The Upcycling Fad – How Big Business Misuses Green Concepts


When describing the work I do, I often pause before using the term upcycling. While a lot of the products Boe offers definitely fit the true definition of upcycling (to reuse discarded objects or material in such a way as to create a product of higher quality or value than the original), I feel a lot of product that is out there on the market masquerading as upcycled is a long way from.  It is far too common to see a product given a shiny coat of paint or turned into something less functional than its original form being described as ‘upcycled’, but what is really disheartening is when a big multinational company choses to misuse the term for its own marketing.

I was alerted today to Deliveroo’s ‘upcycled’ bicycle, a part of a marketing campaign they are currently undertaking in the UK.  I have studied the available photos of this ‘upcycled’ creation, and from what I can see it is a completely functional conventional bicycle with a random array of kitchen utensils bolted on.  Assuming the rider is game enough to sit on the sandwich toaster, I can see three utensils that may be serving some purpose (the centre of the handlebars may actually be a rolling pin, and there may be a spoon acting as a washer on the front rack), everything else is decoration.  To me, there is not one kitchen appliance on this bike that is has higher value or quality when attached to the bicycle than it originally did.

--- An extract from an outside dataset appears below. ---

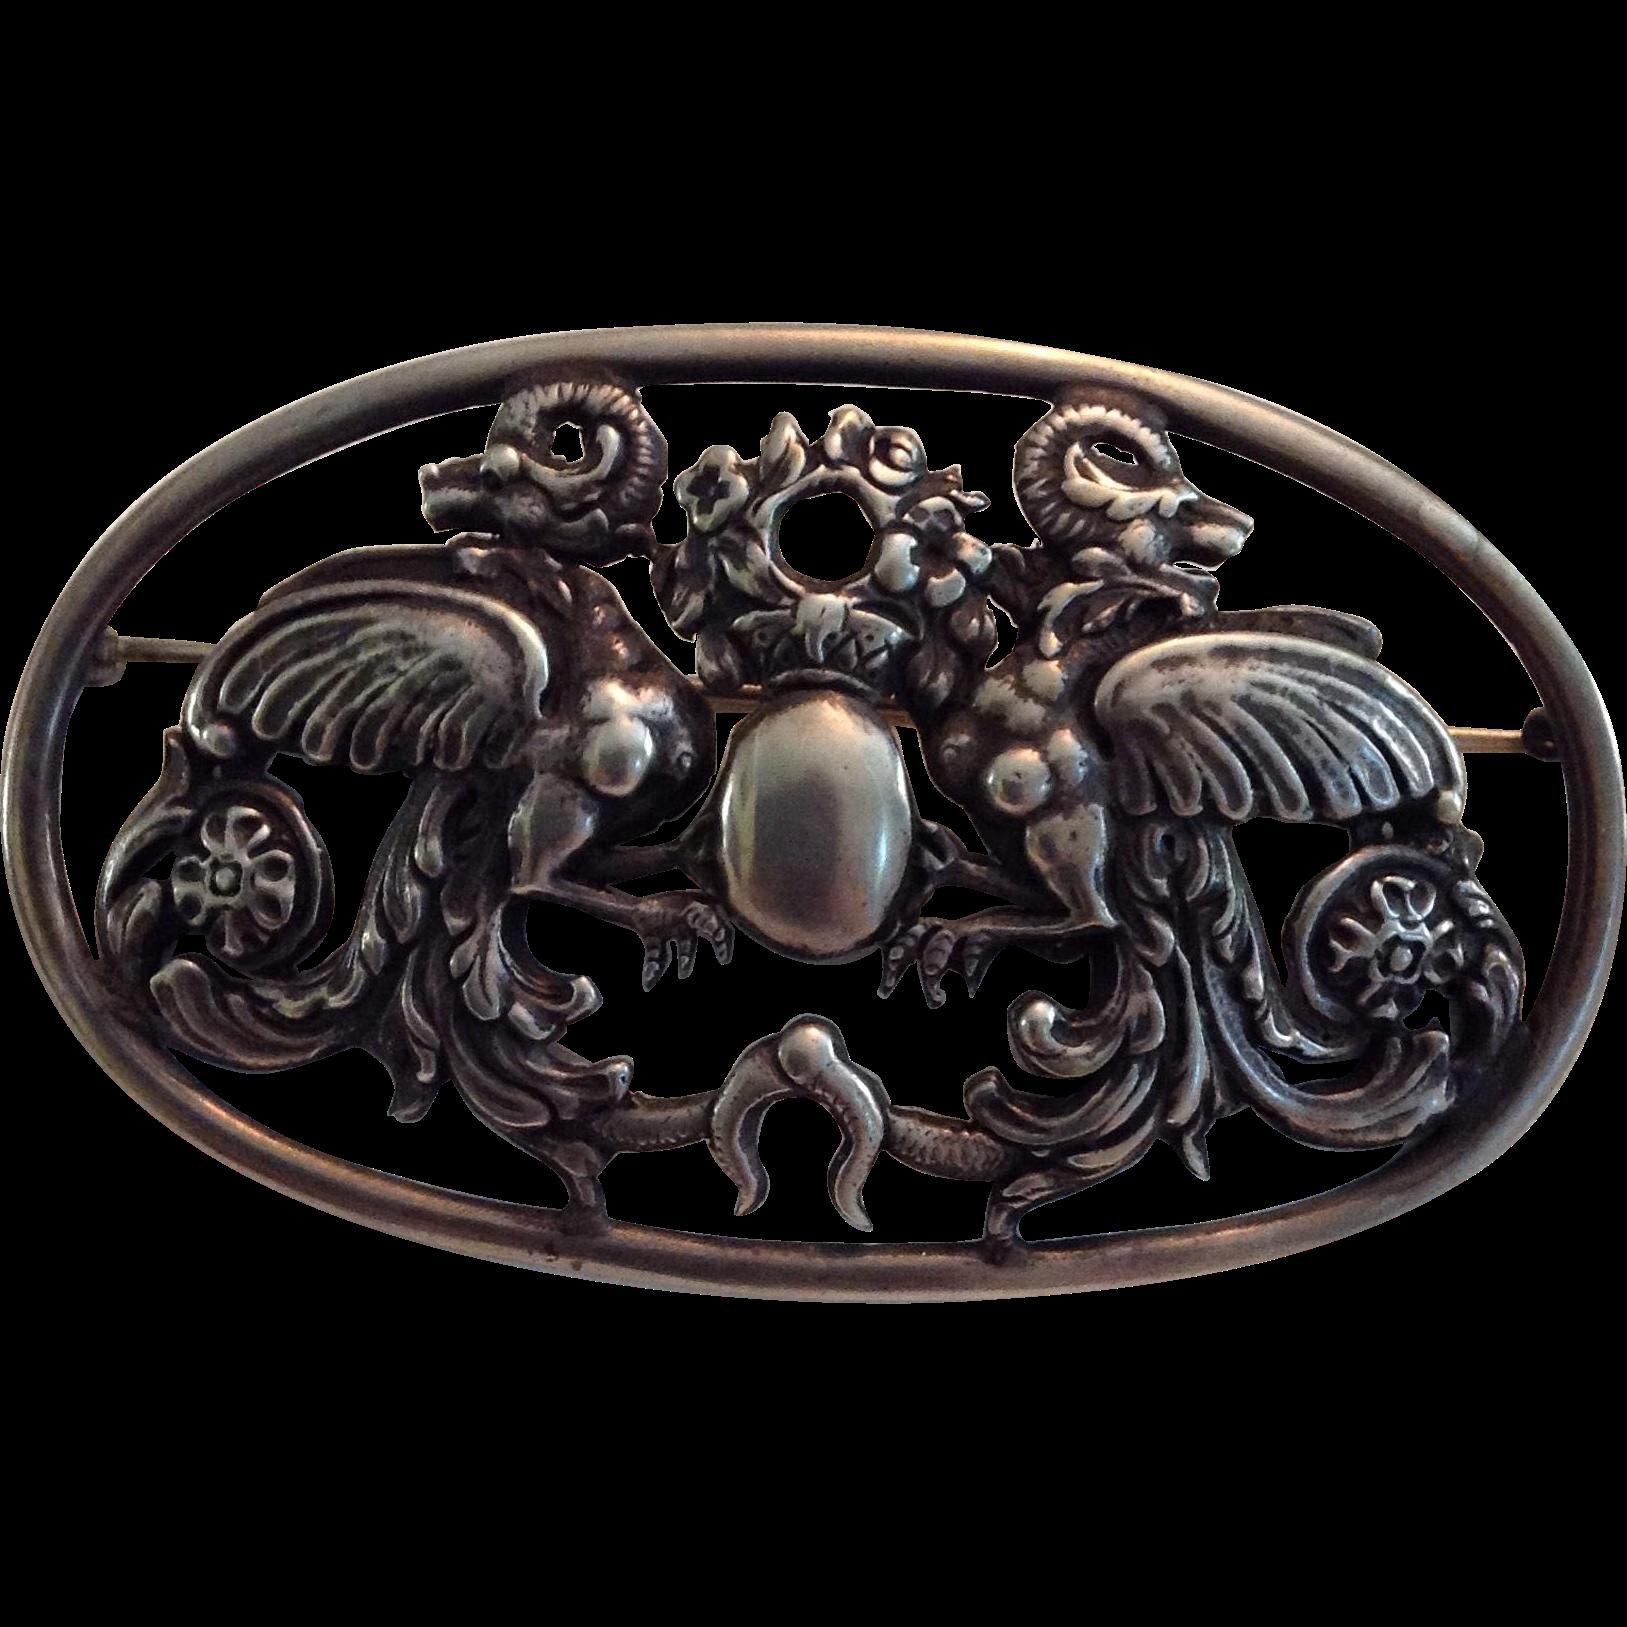 20th Century Large Peruzzi Silver Pin Brooch
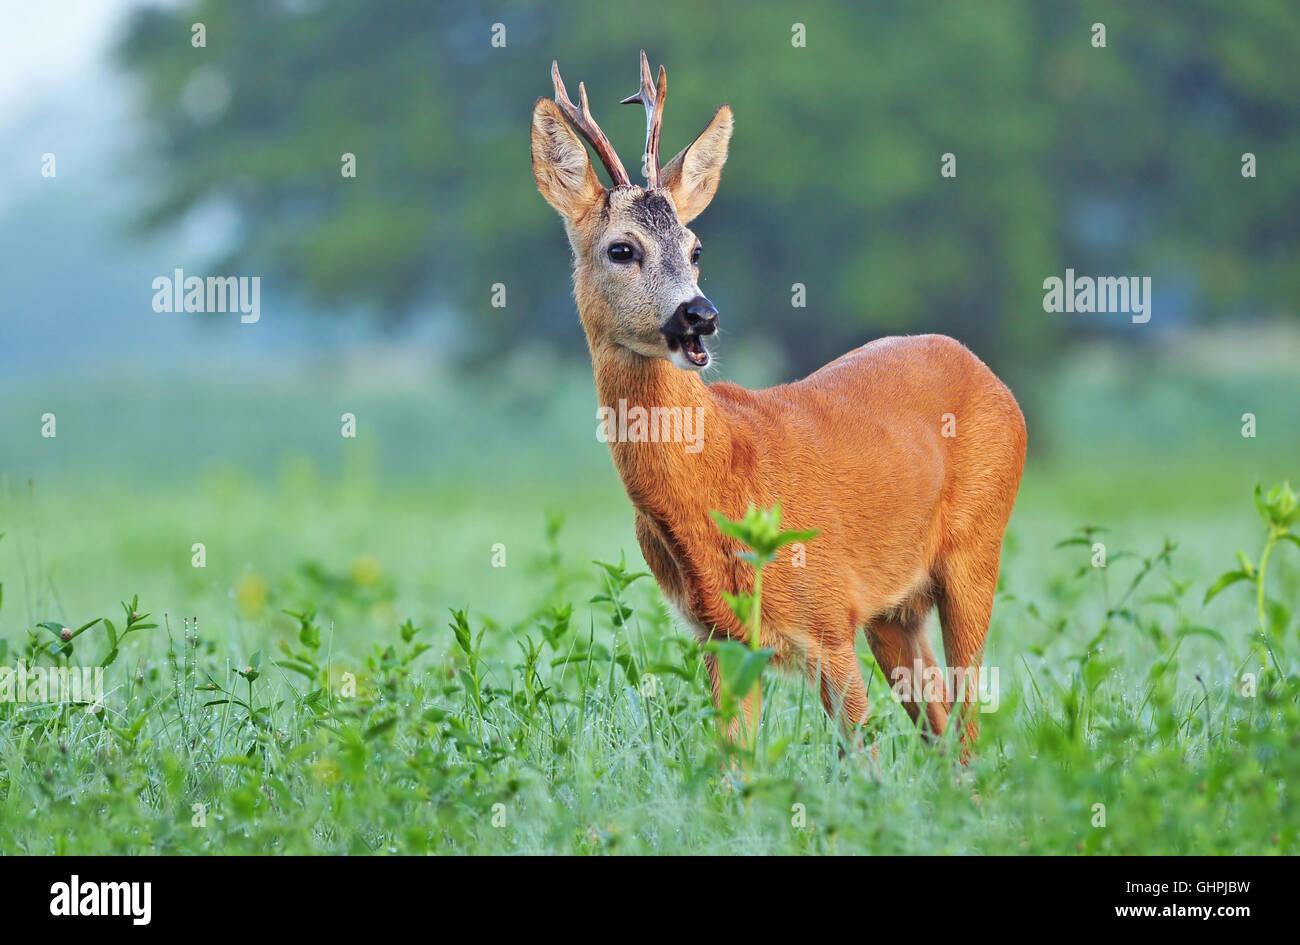 Wilde Rehe (Capreolus Capreolus) stehen in einem Feld Stockfoto

Worse still, it appears that most, if not all. of the ‘upcycled’ components of the bicycle are brand new, not even salvaged or reclaimed from someone’s dusty kitchen drawer.

I would love to see big businesses like Deliveroo properly embrace concepts like re-use and upcycling.  There’s no reason that their bicycle fleet couldn’t be 1980’s 10 speed roadbikes or 1990’s mountainbikes, for example.  I would also love to be involved in assisting businesses of all sizes move towards more environmentally sustainable business models by incorporating re-use and repair into their product ranges.  If anyone can suggest how we can encourage this I am all ears.